The second entry is the newly-restored 1970 BMW ALPINA 2002ti. This racing 2002ti was built by German BMW constructor and race team ALPINA GmbH in 1970. In late 1970, the car was sold to Vasek Polak BMW of Hermosa Beach, California. The car was campaigned in the 1971 and 1972 seasons and then retired. It spent the next 24 years in storage before being purchased by BMW of North America. The car has now been restored to original 1970 BMW ALPINA Team Orange with Semi-Gloss Black hood and rear deck livery with the help of ALPINA. The car will be raced by Road & Track Executive Editor and vintage racer, Sam Smith. Smith will run in Group 2B:1963-1972 FIA Manufacturers Championship with races on Sunday, August 17th at 8:40am and 1:30pm.

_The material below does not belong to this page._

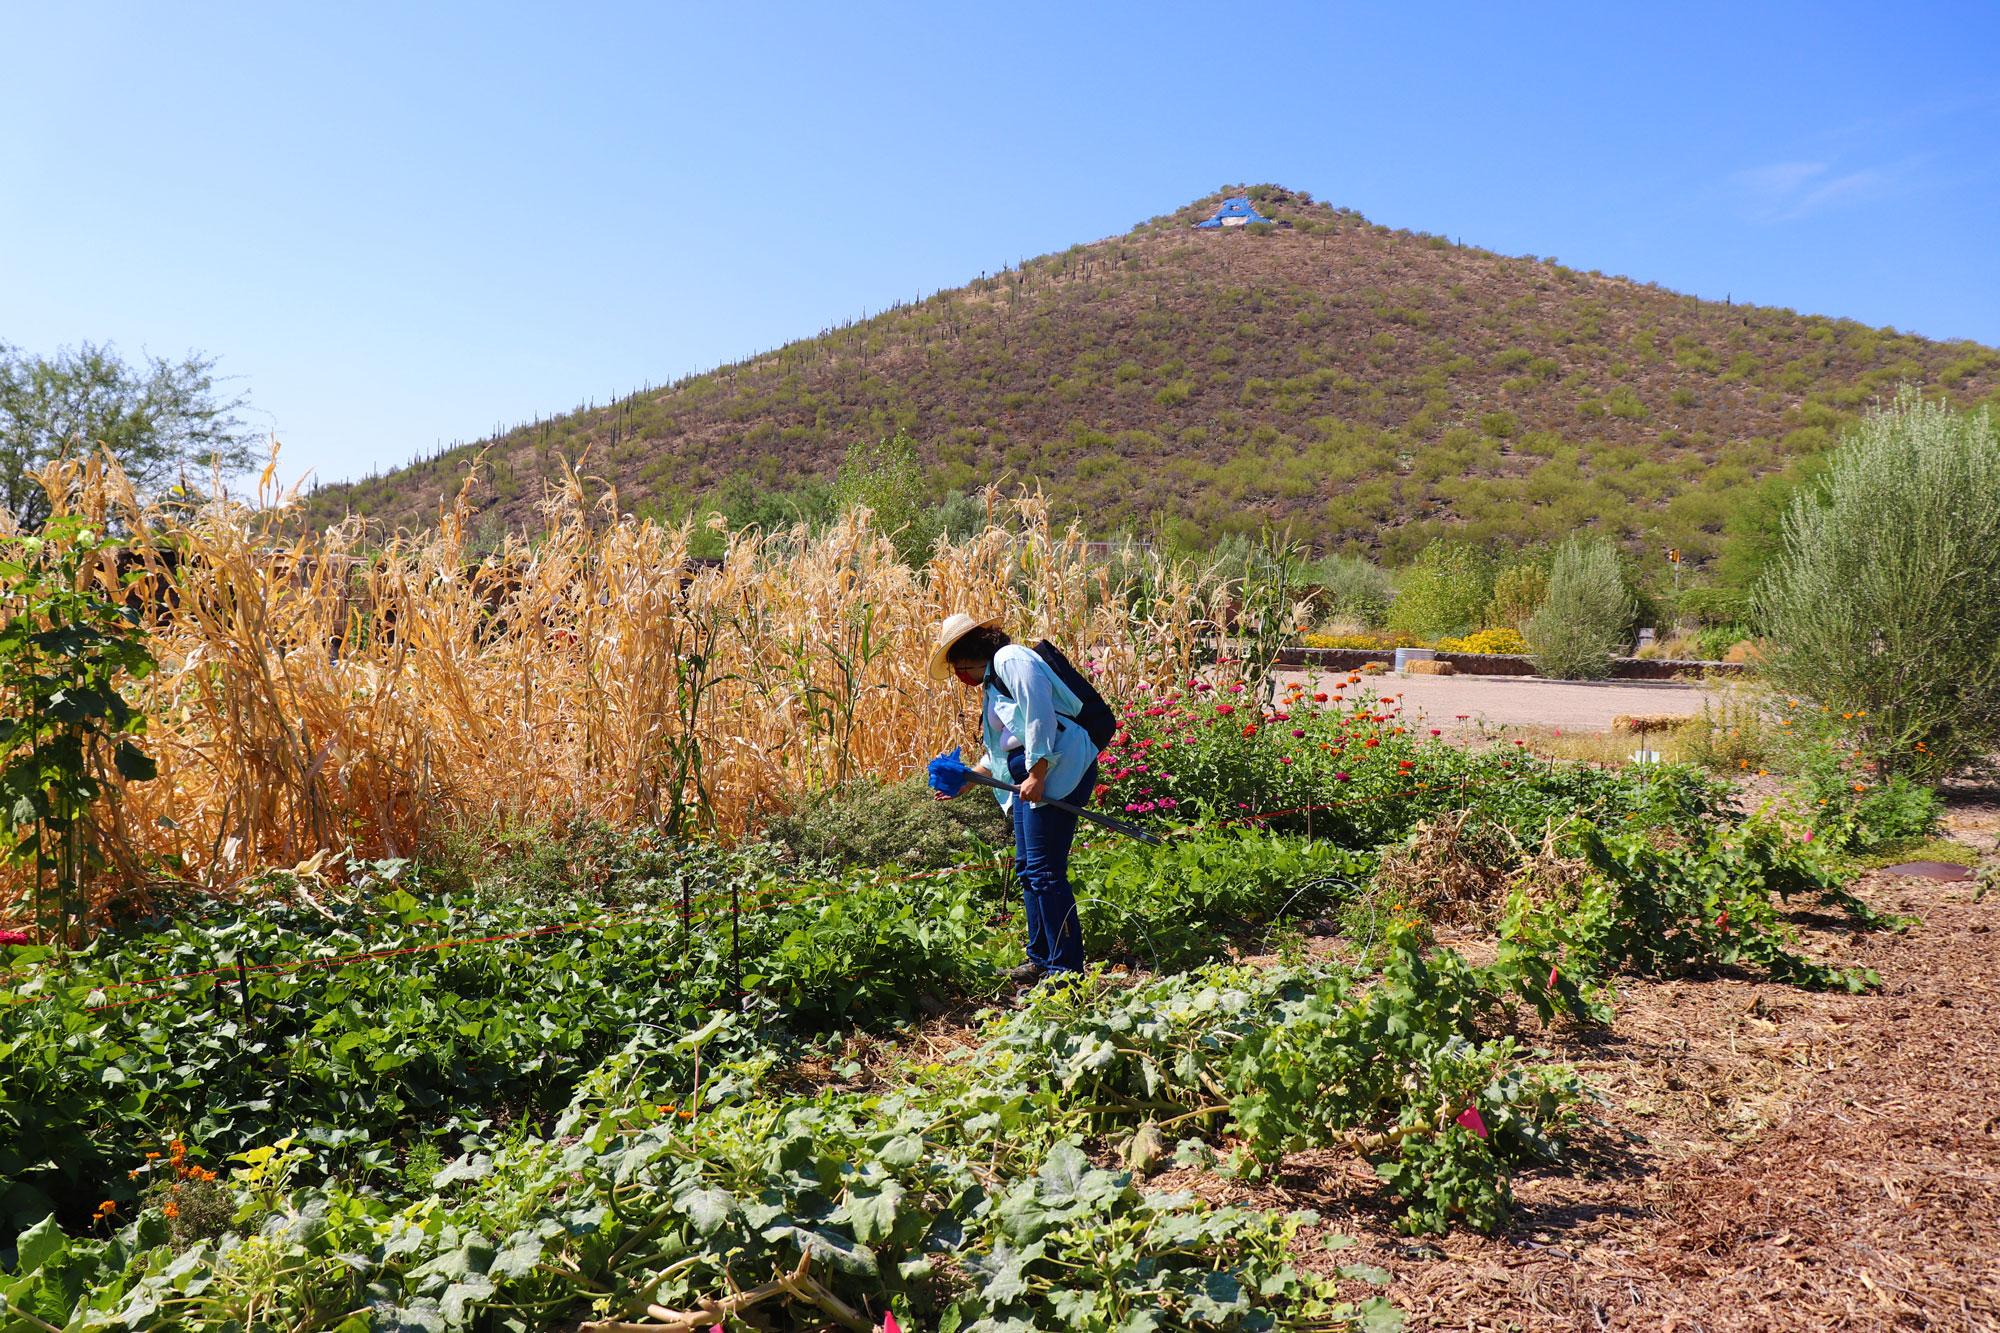 Sampling soil in the Mission Garden

The final BMW entry in the annual event is the No. 2 BMW M1 IMSA Group 4 that was campaigned by BMW of North America at the 24 Hours of Daytona and Mosport during the 1981 season and driven by the likes of David Hobbs, Mark Surer, and Dieter Quester.

As racing regulations evolved in the mid-Seventies, BMW Motorsport saw an opportunity to challenge arch-rival Porsche in a new racing series by designing andmanufacturing a purpose-built race car and offering a street version for sale to the public, as stipulated by the rules. The BMW M1, designed by Giorgetto Giugiaro and powered by a Paul Rosche-designed 3.5-liter, twin-cam 6-cylinder "M88" engine, mounted amid-ship, debuted at the 1978 Paris Auto Show to the admiration of the world's motoring press. However, development and production delays with outside contractors caused its appearance to coincide with the demise of the racing formula for which it was created. The quick thinking solution was the fast and furious ProCar Series which preceded European Formula 1 races.

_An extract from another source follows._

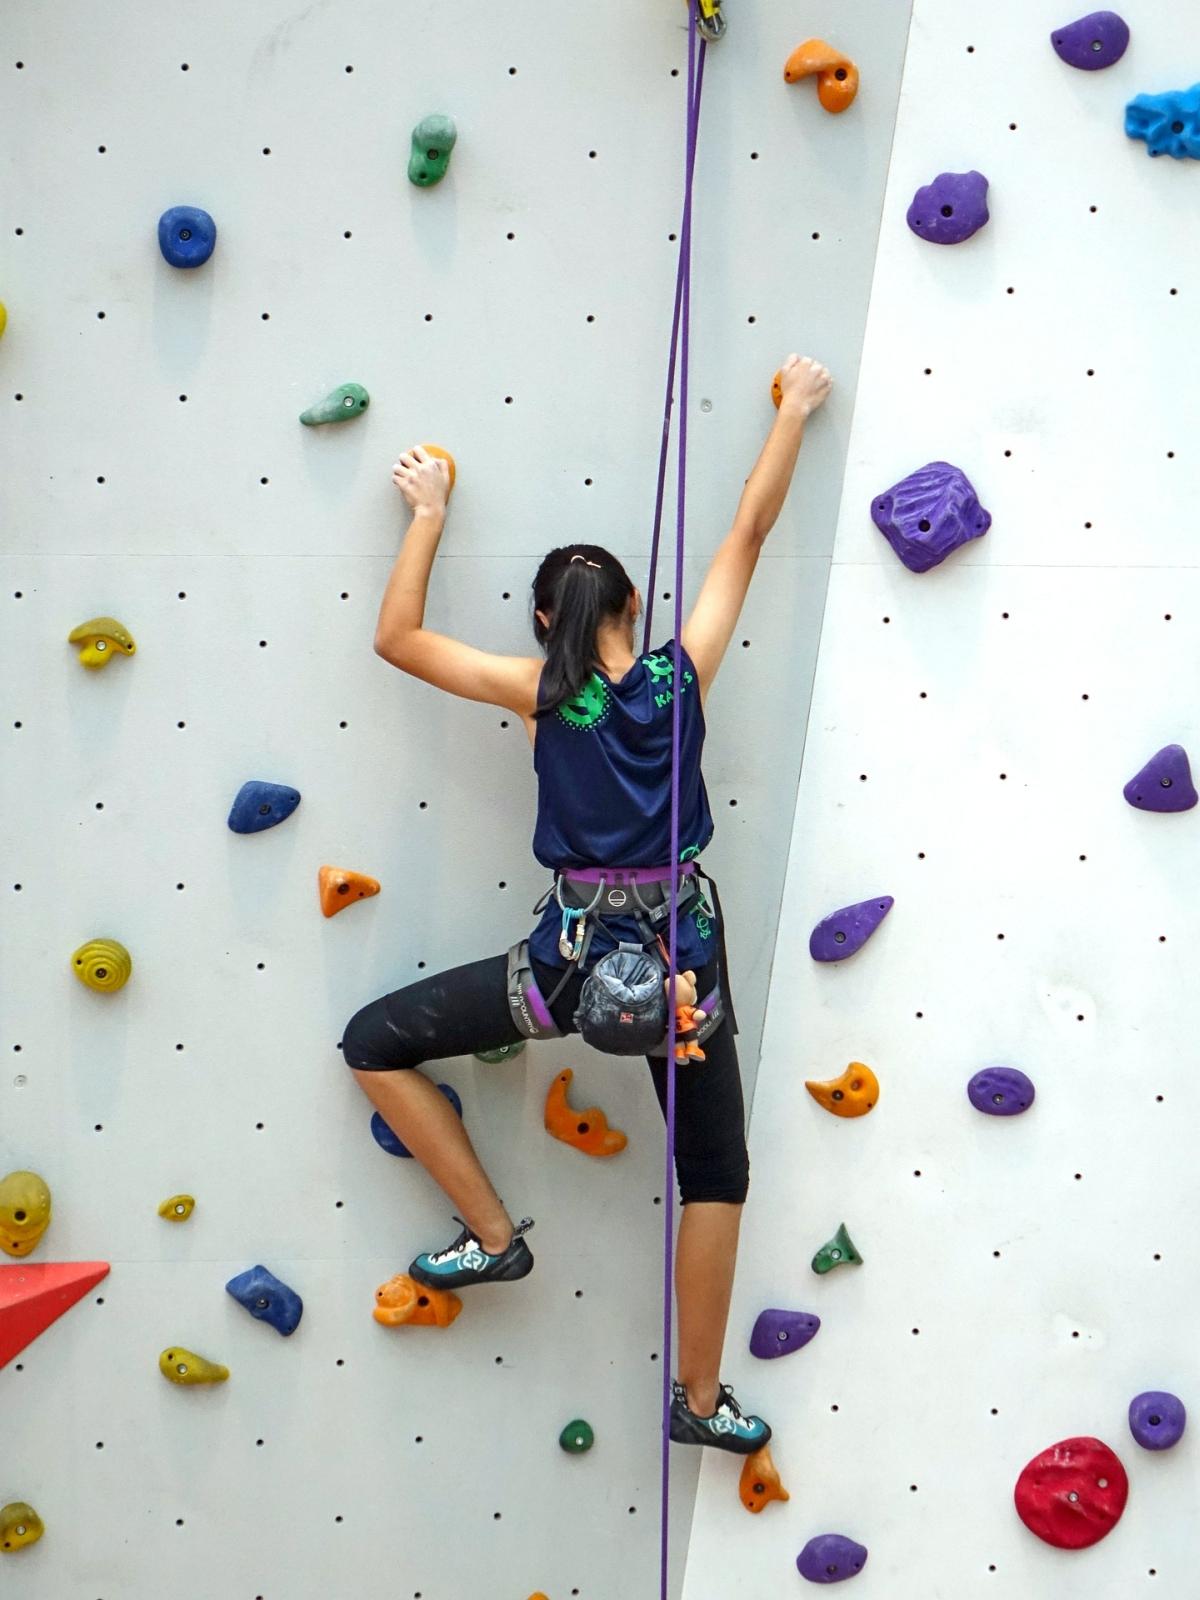 Klettern mit Seil

A few of the M1 ProCars were imported to the US, modified for endurance racing and successfully raced in the popular IMSA GTO Series. BMW of North America only entered its M1 IMSA Group 4 in the longer races of the 1981 season as company's racing program shifted focus to the new M1/C prototype for the shorter races. This M1 IMSA Group 4 (Chassis No. 4301223) was the spare car for the BMW of North America team and appears to have seen limited racing action. The No. 2 M1 IMSA Group 4 will be driven by Motor Trend Magazine's resident pro driver Randy Pobst. Pobst will also run in Group 5A with Willisch with races on Saturday, August 16th at 10:25am and 3:30pm.


----------